I went through a tough couple of years in recovery, but my life today is a total 180. I feel like I went from the walking dead, to being reborn (I know that sounds cheesy but I want to let others know there is life after domestic violence). I was the lost little girl, who clung onto the impossible dream, that one day the man I had fallen in love with would return. The brainwashing I had undergone when I was with my ex, made me feel bad everytime I described certain situations to others, because I had been conditioned to believe it was my fault. I think it took me at least two years to be comfortable talking about things without feeling like I was somehow to blame. It took years of misery, fear and violence to finally get it through to me, but once I came out the other side it was worth it.
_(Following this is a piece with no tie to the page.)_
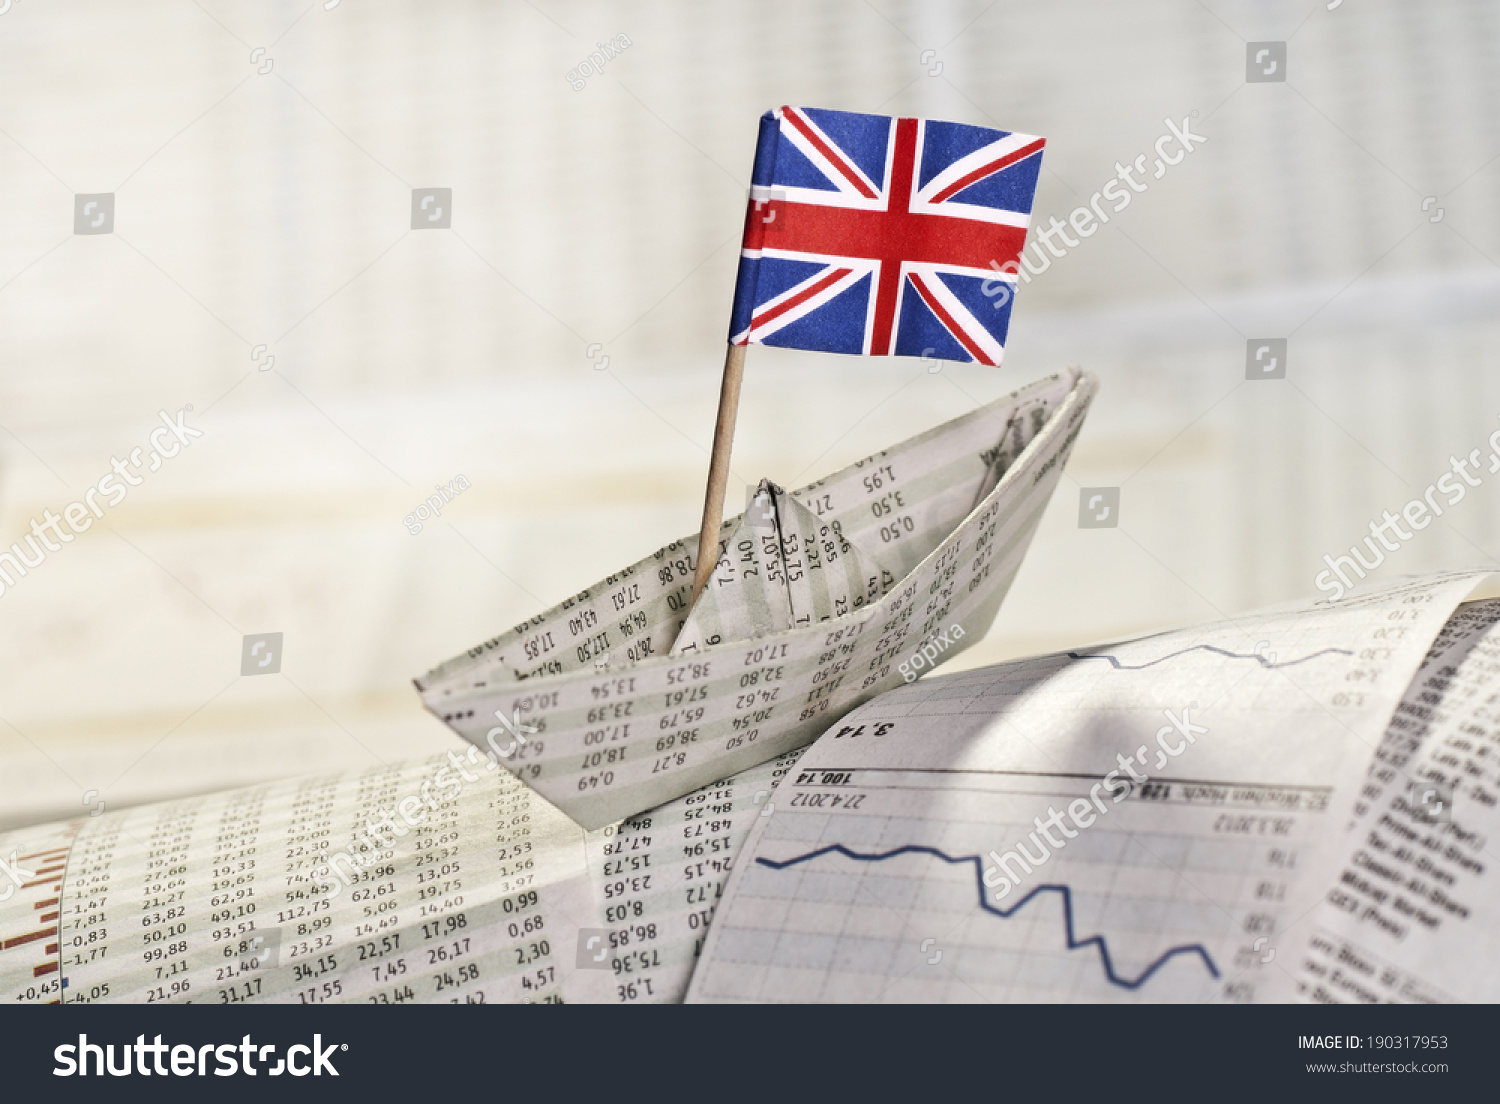 انعاش الاقتصاد البريطاني بتوفير فرص العمل وتخفيض الضريبة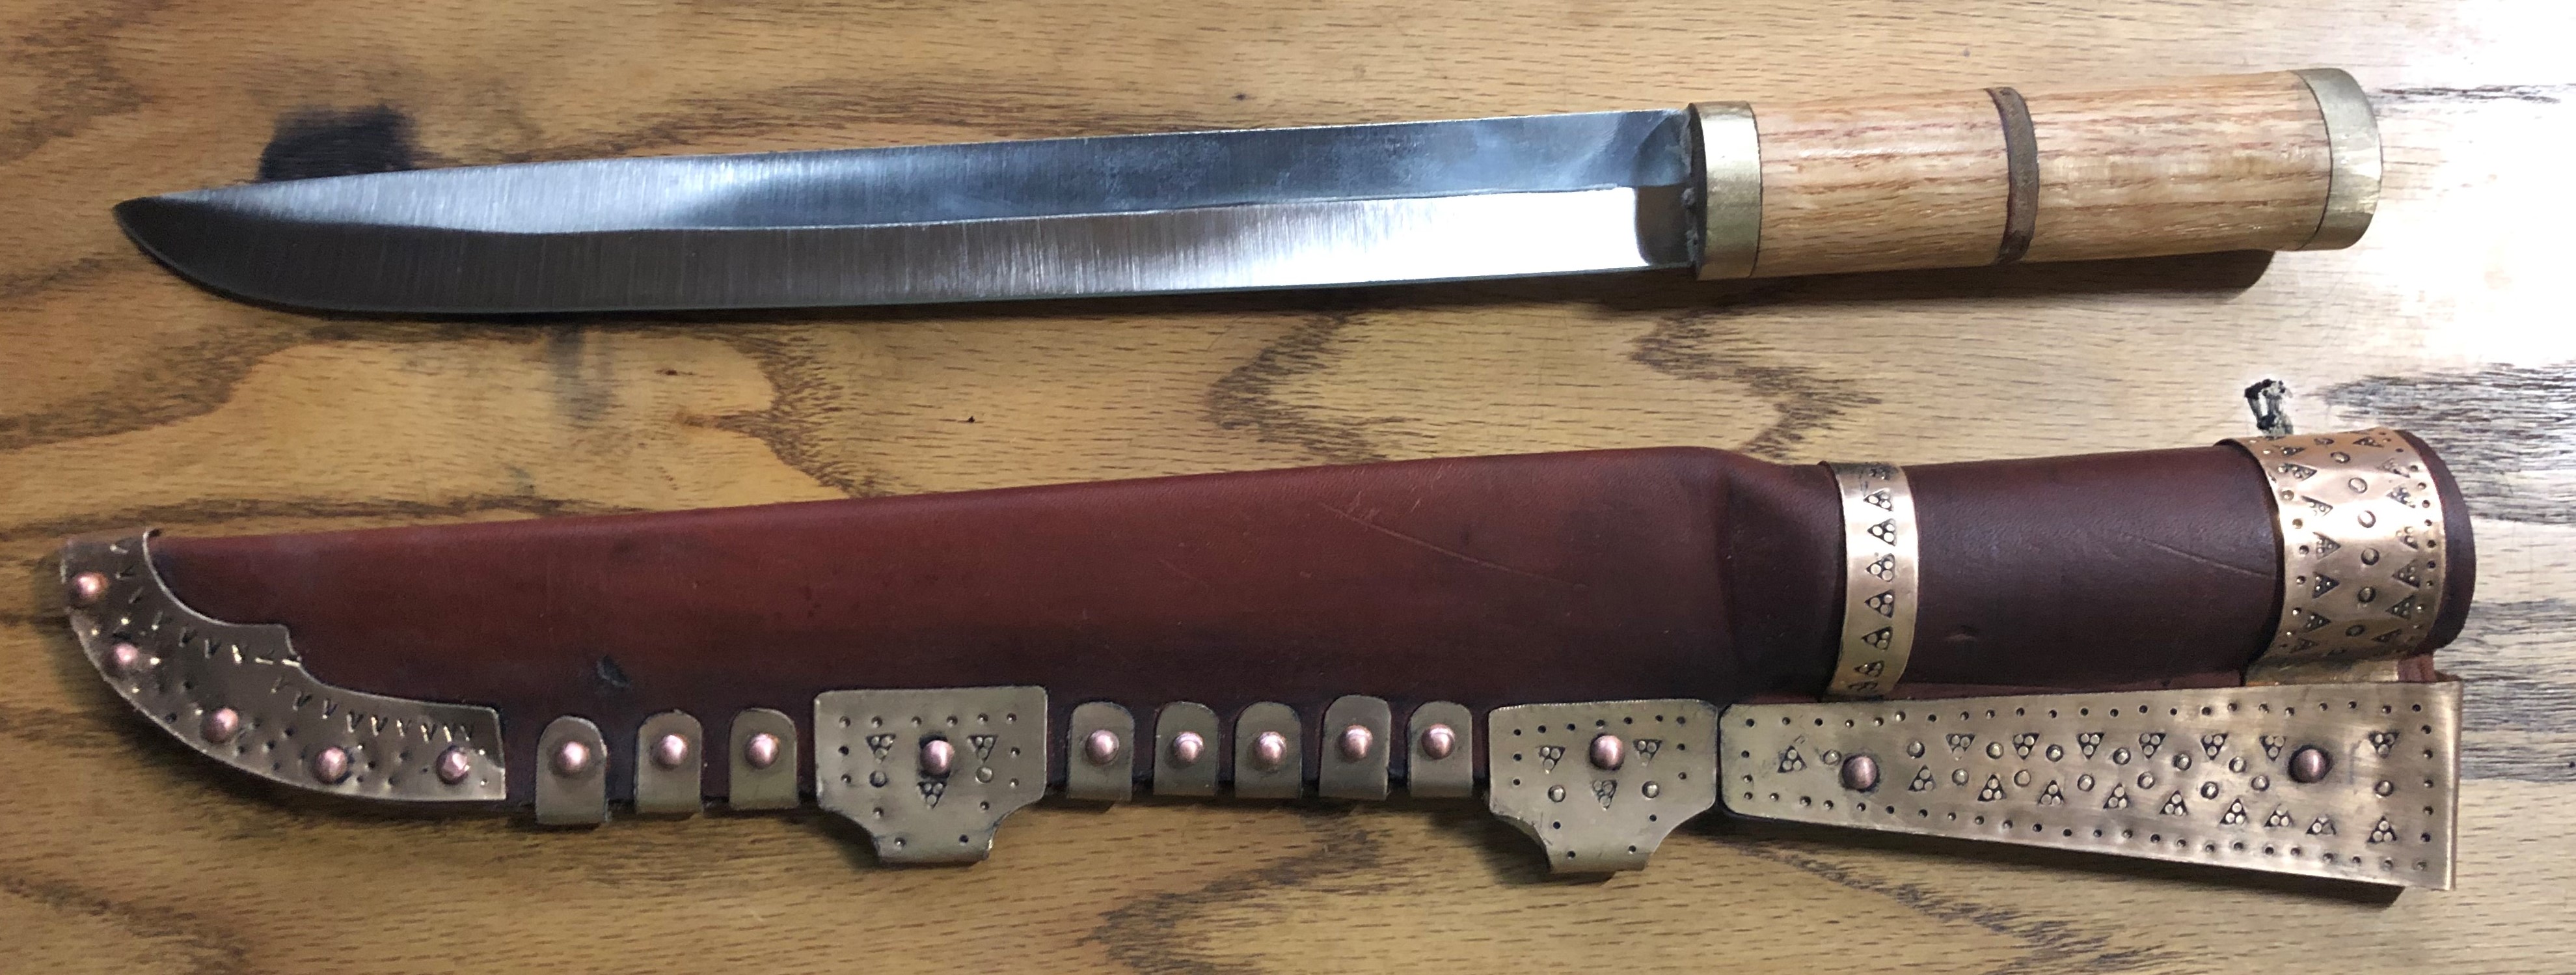 Gotland Knife Sheath

Today I am incredibly strong and have overcome many obstacles in my way. I think somehow PTSD makes us stronger. I was very sensitive beforehand, but wheras my ex tried to break me down to nothing, the eventual outcome was that he had the opposite affect. I didn't want to be a single mother, and of course he doesn't support his children financially, but even though it is tough, my life is so much better now. Anyone who is reading this who may be struggling with domestic violence, please believe it will get better. Just always remember you cannot change anyone else, only yourself. Once I realised that I could never change this man and saw him for what he was, I was able to start healing.
 
Wow! Everyone's stories here are inspiring. I'd say I'm in the process, but not there yet.
I feel like my core personality-fairly extroverted/artistic got split off into the servile people
pleaser my family and later my ASP husband and family wanted. Really lost myself and
have felt completely broken and needy for a looooong time. Now finally gluing the pieces
back together and the realization that moving from merely surviving to thriving is
practically a full time job is really starting to hit me. Thanks again everybody for sharing your
stories of strength. They are really great to hear.